§ The input:
▬▬▬▬▬▬
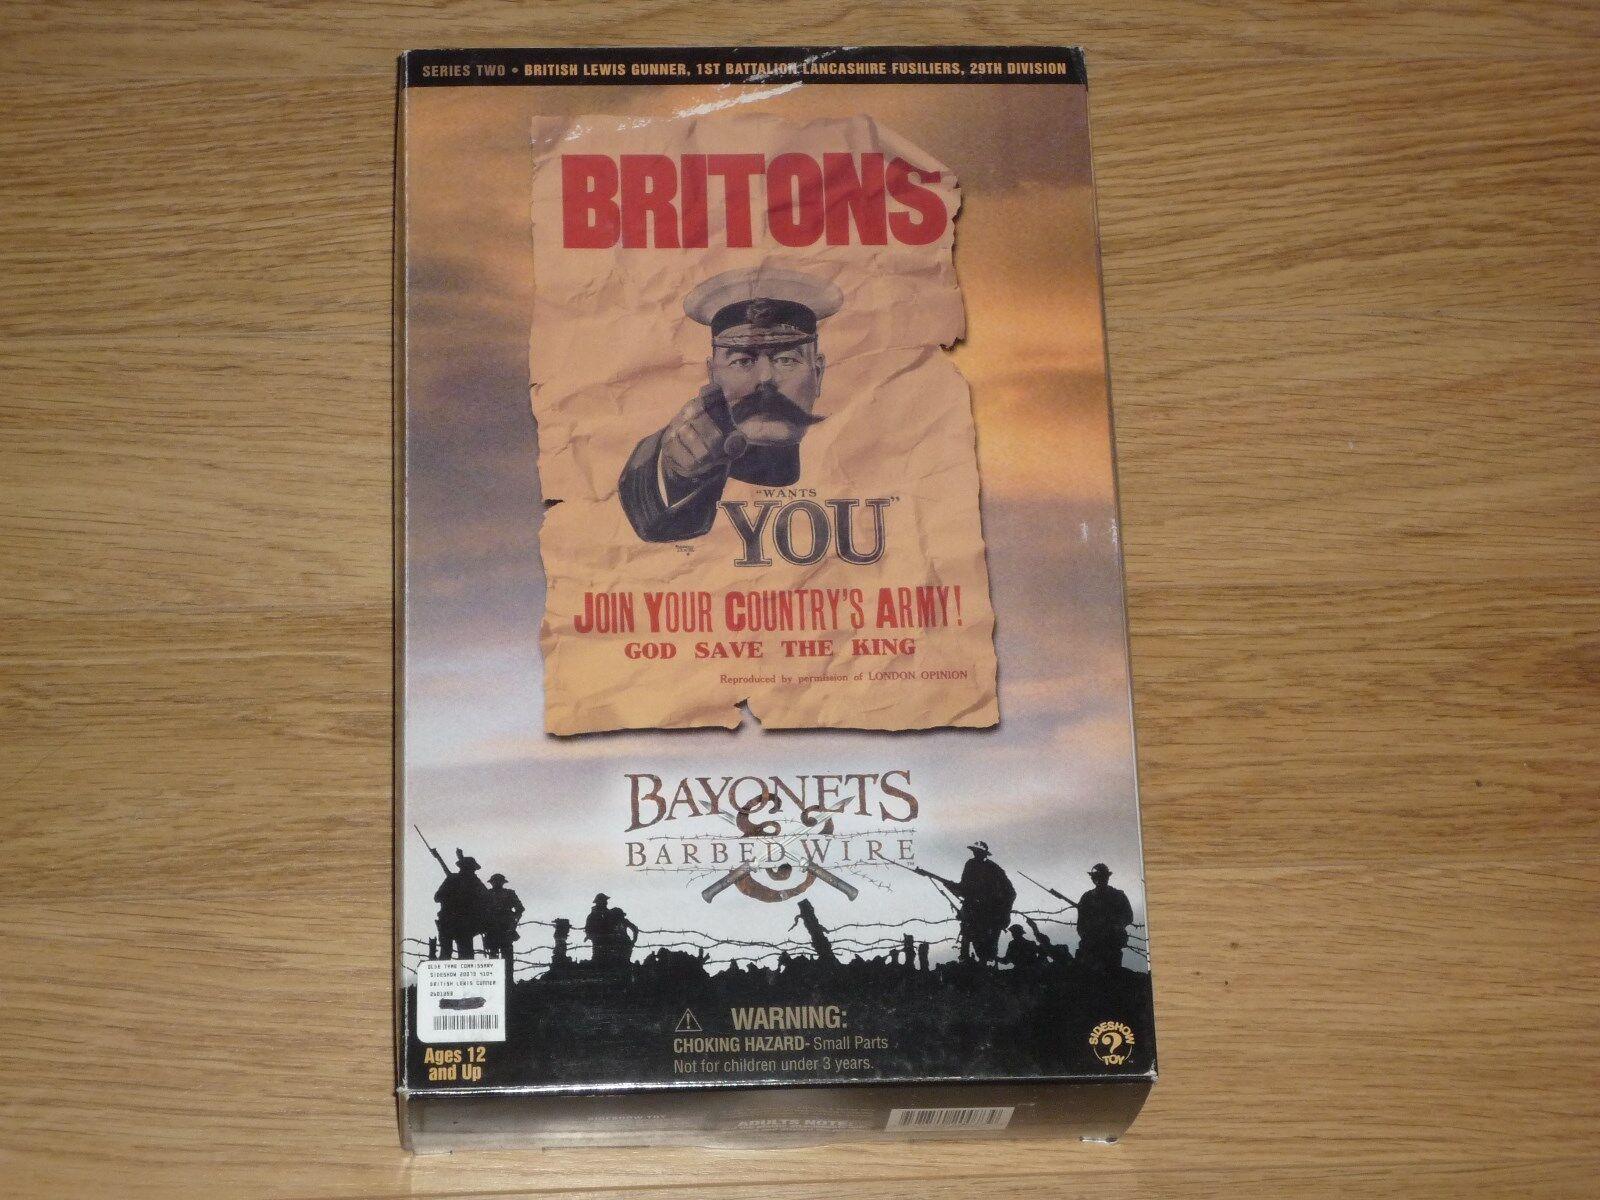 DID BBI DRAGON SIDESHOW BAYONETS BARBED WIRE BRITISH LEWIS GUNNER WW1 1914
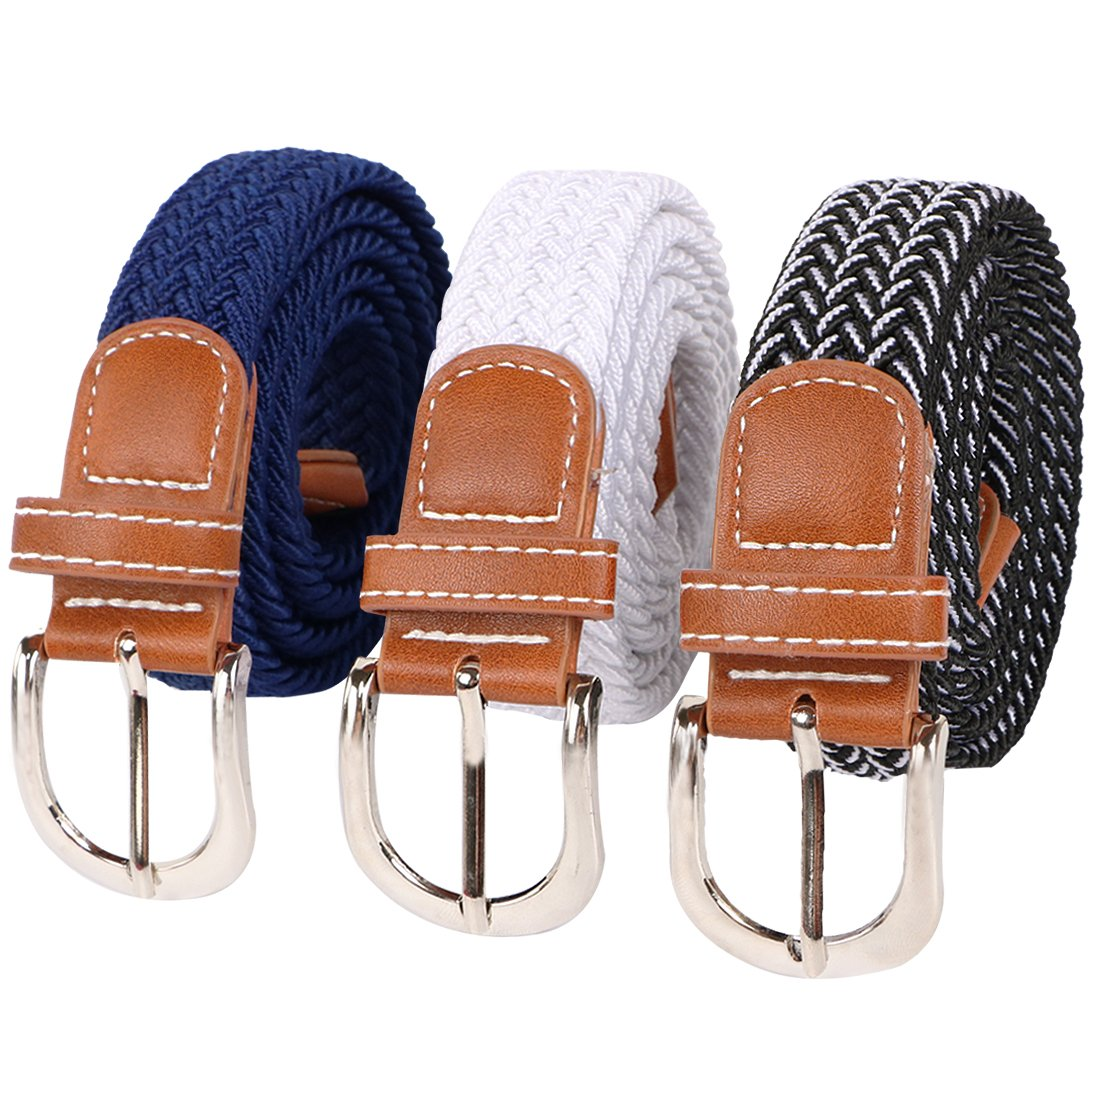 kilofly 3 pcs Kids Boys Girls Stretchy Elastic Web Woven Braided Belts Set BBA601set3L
▬▬▬▬▬▬
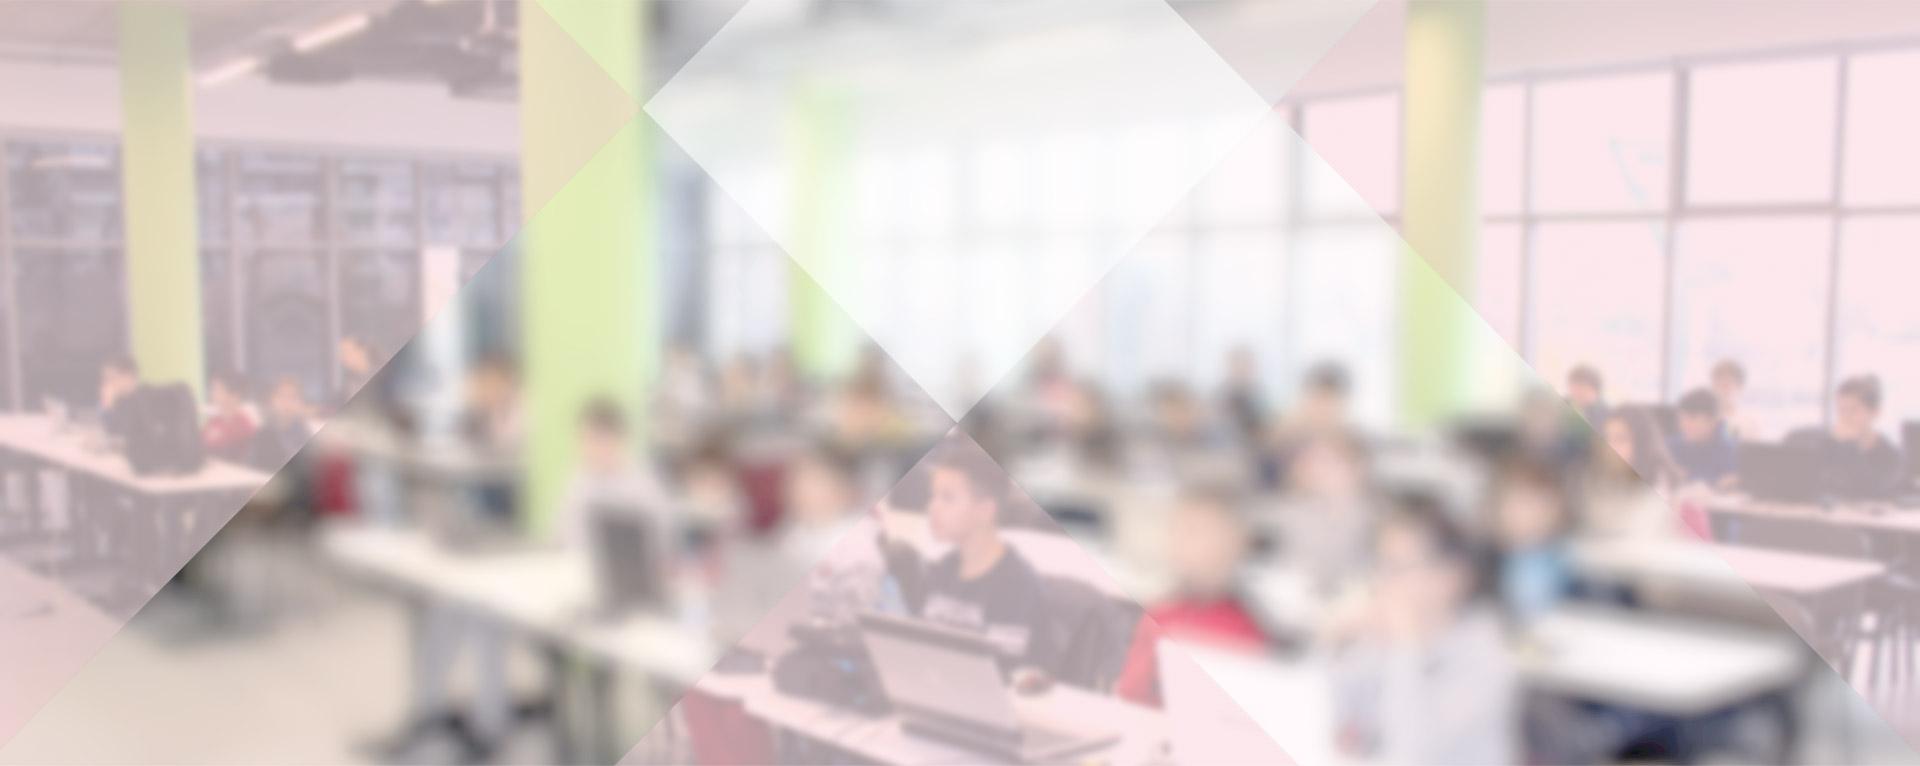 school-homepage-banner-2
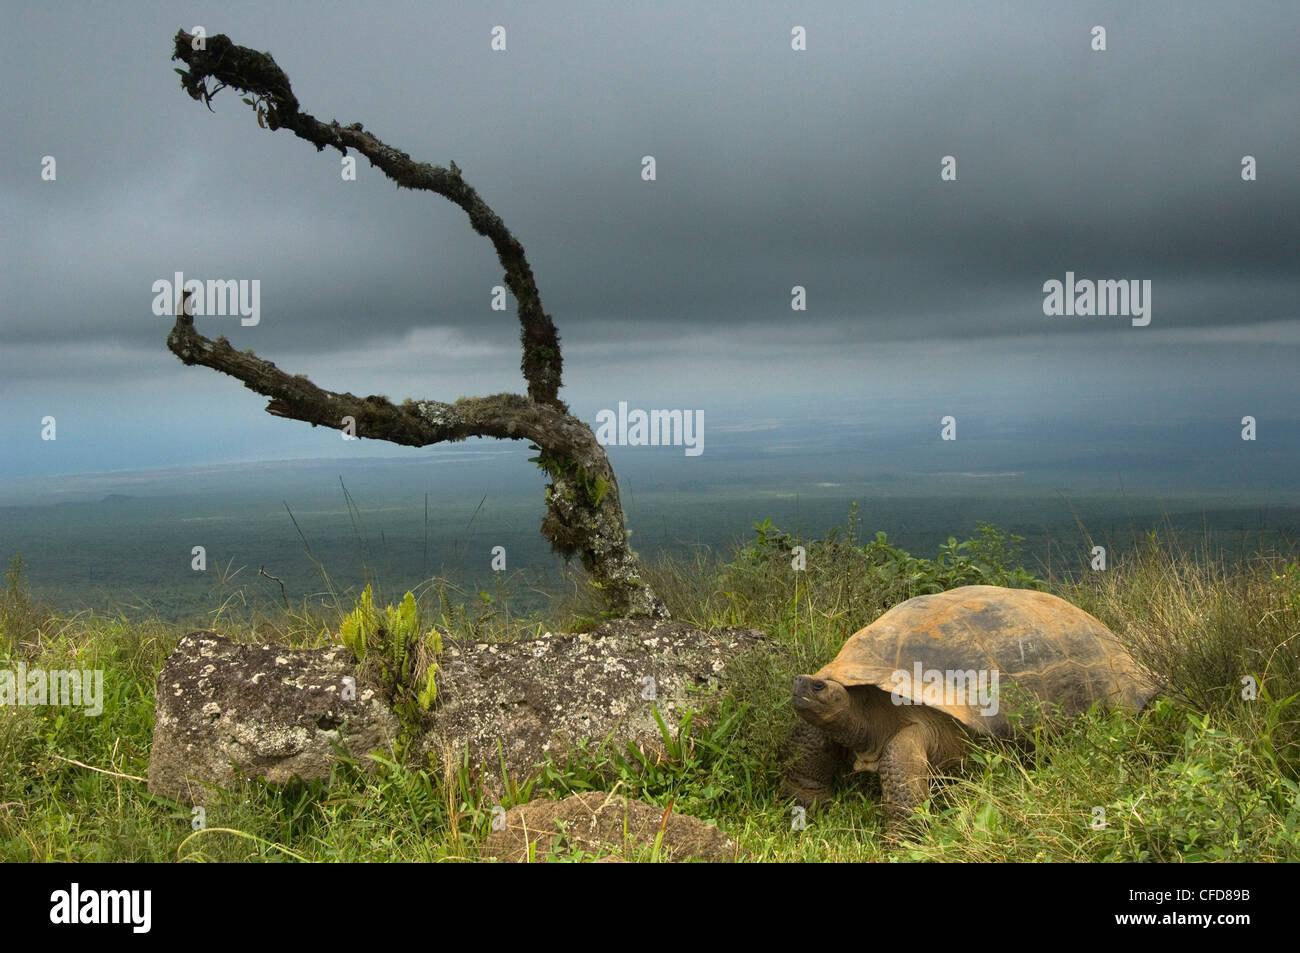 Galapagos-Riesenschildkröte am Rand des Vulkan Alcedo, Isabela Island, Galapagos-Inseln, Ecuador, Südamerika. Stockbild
▬▬▬▬▬▬
§ Work to be completed: Skip every picture, and restate word for word only the lines above from the line containing "DID BBI DRAGON" to the line containing "kilofly 3 pcs", both of them included.

§ Exercise output:
 DID BBI DRAGON SIDESHOW BAYONETS BARBED WIRE BRITISH LEWIS GUNNER WW1 1914
 kilofly 3 pcs Kids Boys Girls Stretchy Elastic Web Woven Braided Belts Set BBA601set3L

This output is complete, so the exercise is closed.